Country Star Billy Gilman Comes Out as Gay & Explains His Unfortunate Apprehension — VIDEO
Thursday was a milestone day in country music with singer Ty Herndon choosing to come out publicly as a “proud and happy gay man." And on Friday, it was reported that another singer, Billy Gilman, chose to come out, and he talked about his decision via a YouTube video. This is not only a big deal in both of their personal lives, but also in the country music landscape as out and proud singers are extremely rare in this genre of music.
Gilman explained this in his video post, saying,
It's difficult for me to make this video, not because I'm ashamed of being a gay male artist, or a gay artist or a gay person. But it's pretty silly to know that I'm ashamed of doing this knowing that I'm in a genre and an industry that's ashamed of me for being me.
It is sad to say that he is not exaggerating with this statement. The country music industry has had a long history of homophobia and intolerance. Hopefully Ty Herndon and Billy Gilman choosing to come out will help move country music in the right direction toward tolerance and acceptance. With other sectors of the entertainment industry and society as a whole being more progressive, it's time for country music to catch up with the rest of the world and move away from its storied past of negativity.
While some country musicians have taken a stand, others are still more apprehensive. Here's a look at what some of country's biggest stars have had to say about the LGBT community and it's relation to country music.
Jennifer Nettles, a straight country artist, was rumored to be gay and addressed the rumors in tactful and respectful manner:
I think a lot of people assumed, too.

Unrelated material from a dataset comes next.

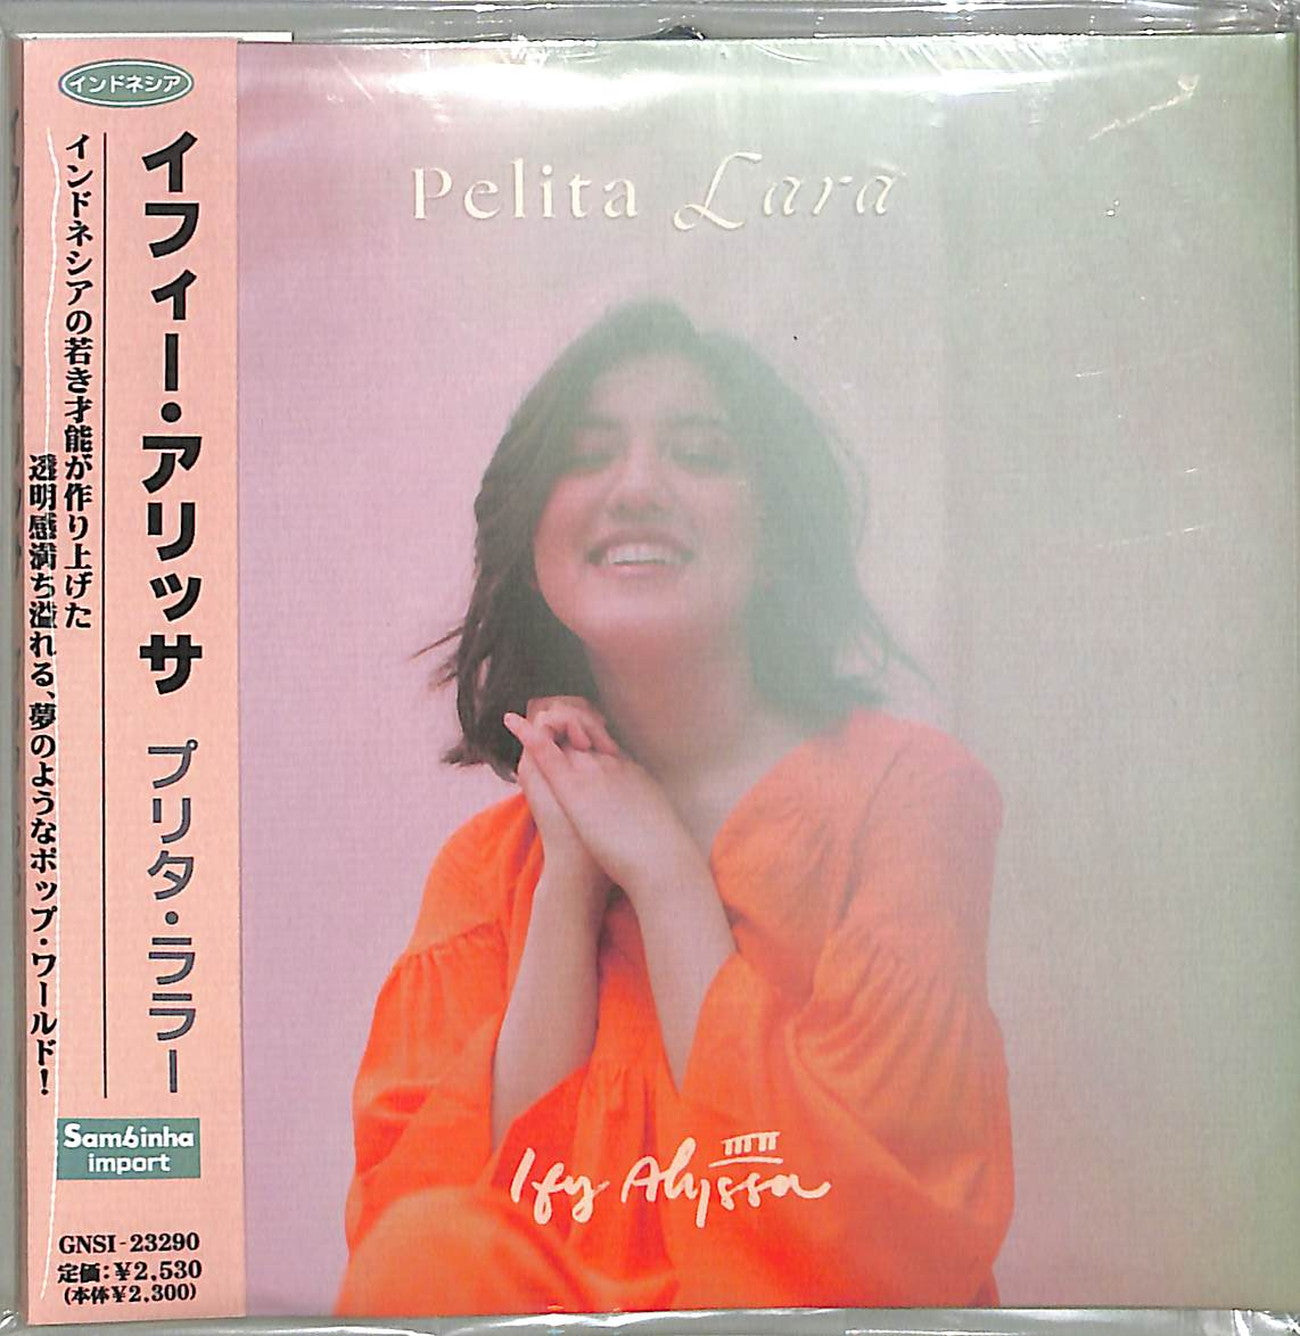 Ify Alyssa - Pelita Lara - Import CD

Whenever they heard a woman with an alto voice playing an acoustic instrument stylistically reminiscent of those wonderful icons you counted, Ani DiFranco and Indigo Girls — and especially with the audience I had in my 20s — I think a lot of people just assumed [that I was lesbian]. So those lyrics — "Crotch propaganda/ Bat for both teams/ And it's me not choosing sides standing in between" — I definitely related to because it's like, who cares? Why choose sides? And why do you have to?
Nettles reaction is great because she doesn't brush off the speculation in a shameful way.
Garth Brooks won a GLAAD Award in 1993 for his song "We Shall Be Free." The lyrics "Cause we shall be free / When we're free to love anyone we choose" really spoke to the gay community. Rolling Stone described Brooks's 2014 single "People Loving People" saying, '"People Loving People' isn't exactly provocative, but it taps into similar themes: fighting war and addition, embracing an "Imagine"-esque world where loving each other is the cure to all that ails humanity. It's as innocuous or contentious as whoever listening makes it out to be — and with Brooks' open support of the LGBT community, that's sure to be part of the narrative."
When country singer Kenny Chesney's short marriage with Renee Zellweger ended in 2007, she cited "fraud" as the reason. This made many people wonder if Chesney was actually gay. In a Playboy interview, Chesney responded to the rumors, "That is the most unbelievable thing in the world. 'Because Renee cited fraud, Kenny’s got to be gay.' What guy who loves girls wouldn’t be angry about that s---? I didn’t sign up for that. I think people need to live their lives the way they want to, but I’m pretty confident in the fact that I love girls. I’ve got a long line of girls who could testify that I am not gay." Then he explained that he has slept with over 100 women. Instead of just saying that he is not gay it came off like he was trying to defend himself against a shameful rumor.
With Ty Herndon and Billy Gilman coming out in the same week, I hope that this means that country music artists and fans will be more open to music from people with many different backgrounds. These two artists took brave steps for themselves and for an entire musical genre.